To put our previous conclusion a different way: adding up a series of local optima does not automatically lead to a global optimum.
First, a tangible example. Imagine designing a car where a different team was responsible for each part. Each team included the most capable experts in the relevant area, and was told to make the very best component they possibly could, to be assembled together at the end.
It doesn’t take much imagination to foresee how many ways this could go wrong. The bumper team will have designed bumpers two feet thick, wider than the car itself, with high-density shock-absorbing materials and intelligent, adaptive hydraulics. Even putting aside all questions of cost, this bumper would be dramatically unsafe once installed, adding mass and weight and complexity without regard to the broader needs of the vehicle. Not to mention the higher-order needs of the occupants.
This is the important point about local optima in complex systems that many miss: local optima are not just suboptimal, as in “not as good as they could be.” When combined in an interdependent system, local optima actually make things worse.
Let’s take a look at how this is manifested in companies.
Imagine every work center in a business as a section of pipe, with work flowing from the beginning to the end. The circles within the pipe represent that work center’s capacity. I’ve labeled Engineering as the bottleneck, with the lowest capacity:
Sales closes a deal and hands it over to Product. Product scopes the project and passes it to Design to make some wireframes. Design sends their work to Engineering to actually build it. Everyone feels productive and happy.
But here’s where things get interesting. Engineering’s capacity is filled very quickly, which means that sending any more work their way won’t result in any more finished product coming out the end.
But what are Sales, Product, and Design to do? They are operating under the universal rule of the modern workplace: “stay busy.” This unspoken command is a local optimum. They are effectively being told: “optimize for full utilization of capacity at your work center.”
And who can blame them, or their managers? Nothing strikes terror in the heart of a manager like an “underutilized resource.” Nothing strikes terror in the heart of an employee like the feeling that there may not be enough work to justify their employment. We can always find something to do.
So what do the upstream work centers do? They start new projects. They fill their capacity like they’ve been told:
Now this wouldn’t be a problem if the effects were contained within each work center. But this starting of new things inevitably sends more work down the pipe to the bottleneck. Even if Engineering somehow has the discipline and authority to turn down all new requests, just deflecting the incoming takes up some of their precious capacity. It takes time and effort to manage more emails, provide more estimates, and perform the political maneuvering required to fend off the pressure from the rest of the business.

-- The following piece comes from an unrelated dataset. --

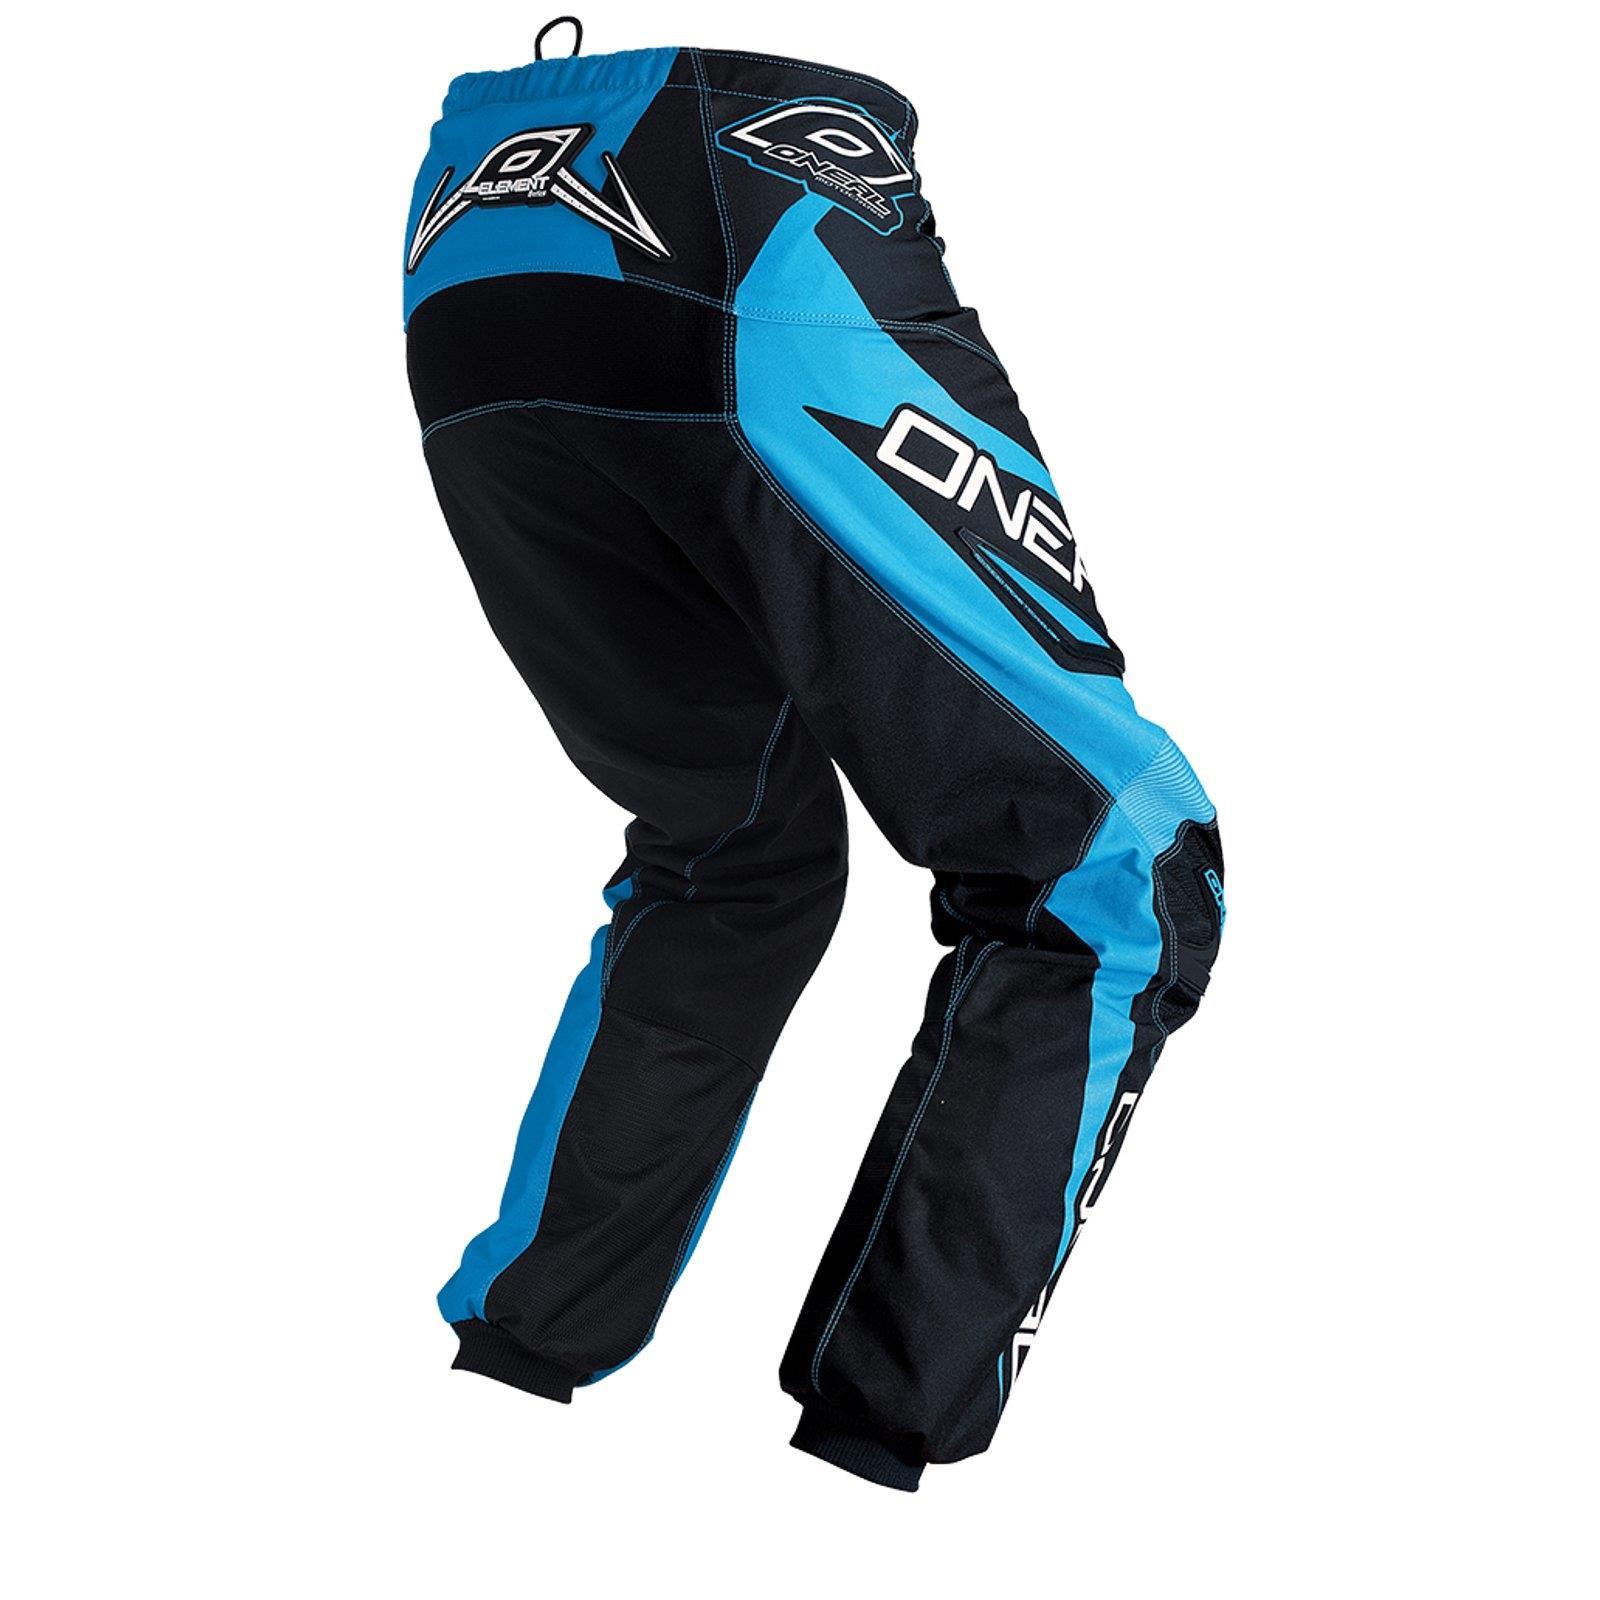 ONeal-pantalones-de-Jersey-de-los-ninos-de-pantalones-cortos-ninos-MX-bicicleta-DH-montana-bicicleta miniatura 105

The consequence is that the bottleneck’s already limited capacity for productive work is even further reduced:
This, of course, exacerbates the situation even further. As bottleneck throughput goes down, even more work piles up in front of it, which leaves upstream work centers with even less to do, which causes them to start even more projects, which sends even more work down the pipe to the bottleneck, which reduces throughput further.
Meanwhile, the same situation is going on in the downstream work centers: they find themselves waiting on work from the bottleneck, and to fill their own capacity, they too start new projects:
This too creates more work for the bottleneck, even though it’s downstream. It takes the form of cross-functional projects that require Engineering “input,” overhead like meetings and events, or interaction of any kind. The bottleneck’s capacity for productive work is even further reduced:
At this point, with throughput drastically down, everyone mad at the bottleneck, the bottleneck mad at everyone, the bottom line suffering as no product is making it out the door, management feels the need to step in.
If they are benevolent and well-funded, the solution is obviously “we need more capacity!” If not, they put on the pressure. Everyone needs to work late, work weekends, eat lunch at their desks, cut out all “non-essential” activities. Look even busier!
Now the company looks like this:
This is why a company where everyone is busy working is terribly inefficient. The only way that’s possible is if everyone is optimizing their own productivity, at the expense of the bottleneck’s productivity. And it is only the productivity of the bottleneck that matters to the throughput of the company.
If you believe that local optima add up to a global optimum, there can only be one solution to low organizational performance: improve the throughput at all sections of the pipe.
But adding more capacity upstream or downstream of the bottleneck will make things worse, not better. Try to “improve” any other point but the bottleneck, and you’ve made the whole system worse.
Any improvement not at the constraint is an illusion.